Trademarks are legal protections on words, phrases, designs, or marks that identify a specific product or service. Trademarks are intellectual property that contribute to the image and reputation of the product or service to which it belongs, and to the company to which it belongs. Beyond symbolism, a trademark can be incredibly valuable to a company, prompting some companies to include them in their valuation. Trademarks are protected forever, as long as it’s in use and the holder can defend it. Examples of trademarks include the golden arch for McDonald’s, the Nike swoosh, and Apple’s apple.
Copyrights are legal protections on creative works of the mind, or according to the United States Patent and Trademark Office “original works of authorship.” They include visual art, literary works, other writings, choreography, and software. Copyrights prevent others from reproducing the work without the express permission of the copyright owner. Like other intellectual property, copyrights are granted for a specific time, allowing the holder to benefit from its creation. Copyrights are granted for the maximum period of 70 years from the death of the author for works created on or after Jan. 1, 1978. Exceptions apply to works for hire and anonymous works.
Copyrights for works for hire or anonymous works are granted for 95 years from their publication or 120 years from creation, which occurs first.
Patent FAQs
What Does Patent Mean?
A patent is a legal right to an invention given to a person or entity without interference from others who wish to replicate, use, or sell it. Patents are granted by governing authorities and have a time limit, usually 20 years.
What Are Examples of Patents?
Examples of historic patented inventions include common products that we use daily, including the telephone, dishwasher, and lightbulb. Patents protected until 2033 include Boeing’s Water Harvesting system, Disney’s method for reproducing human actions with robots, and Google’s medical response drone.
What Are the 3 Types of Patents?
The three types of patents are utility patents, design patents, and plant patents. Utility patents are issued for inventions that are novel and useful. Design patents protect the design or image of a product. Plant patents are issued to applicants for plants that can reproduce.
How Much Is a Patent?
Patent costs vary according to the type of patent applied for and are based on several other factors, such as the type of applicant, provisional or nonprovisional status, and associated fees—search fees, examination fees, post-allowance fees, the cost of a patent agent or attorney, and more. If using the services of an attorney, you can expect costs to range from approximately $5,000 to more than $45,000.

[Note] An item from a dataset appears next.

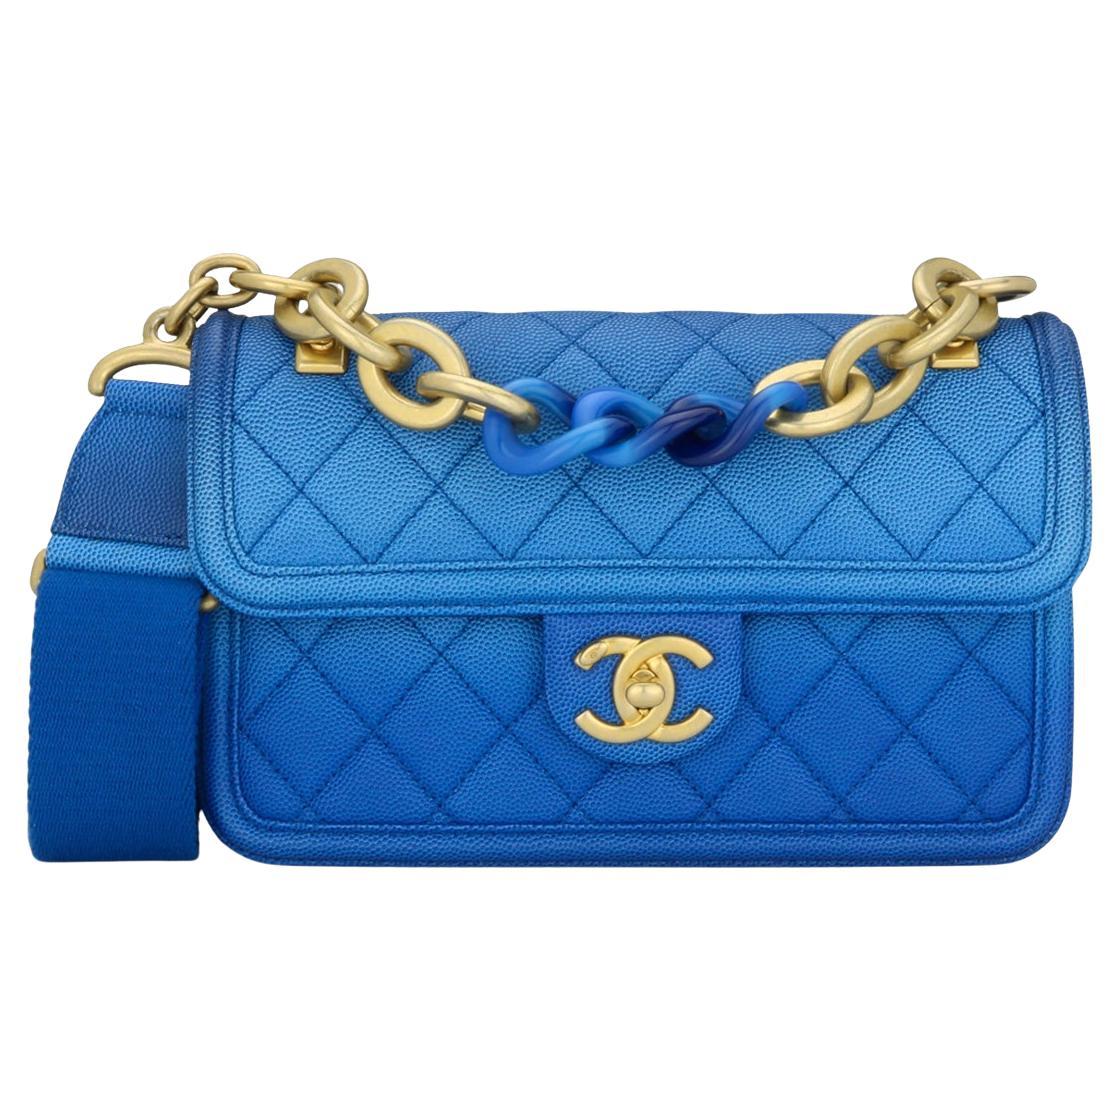 CHANEL Sunset On The Sea Flap Bag Blue Caviar with Brushed Gold Hardware 2019 For Sale

How Long Does a Patent Last?
Utility and plant patents last for 20 years from the date of filing, while design patents last for 15 years if filed on or after May 13, 2015, or 14 years if filed before May 13, 2015.
The Bottom Line
Patents are legal rights granted to inventors for their creations. Government divisions, such as the United States Patent and Trademark Office, issue patents and other intellectual property rights to inventors, authors, and other creators. Patent rights give exclusive rights to use, replicate, or sell the protected invention without interference from others who wish to do the same. In exchange, the issuing authority is granted the right to publish the details of the invention.
Patents are granted for a limited time, such as 20 years from the date of filing for plant and utility patents and 14 or 15 years for design patents. Patents issued in the United States only offer protection within the U.S. To extend protection in other nations, the applicant must apply with the governing authority of that nation.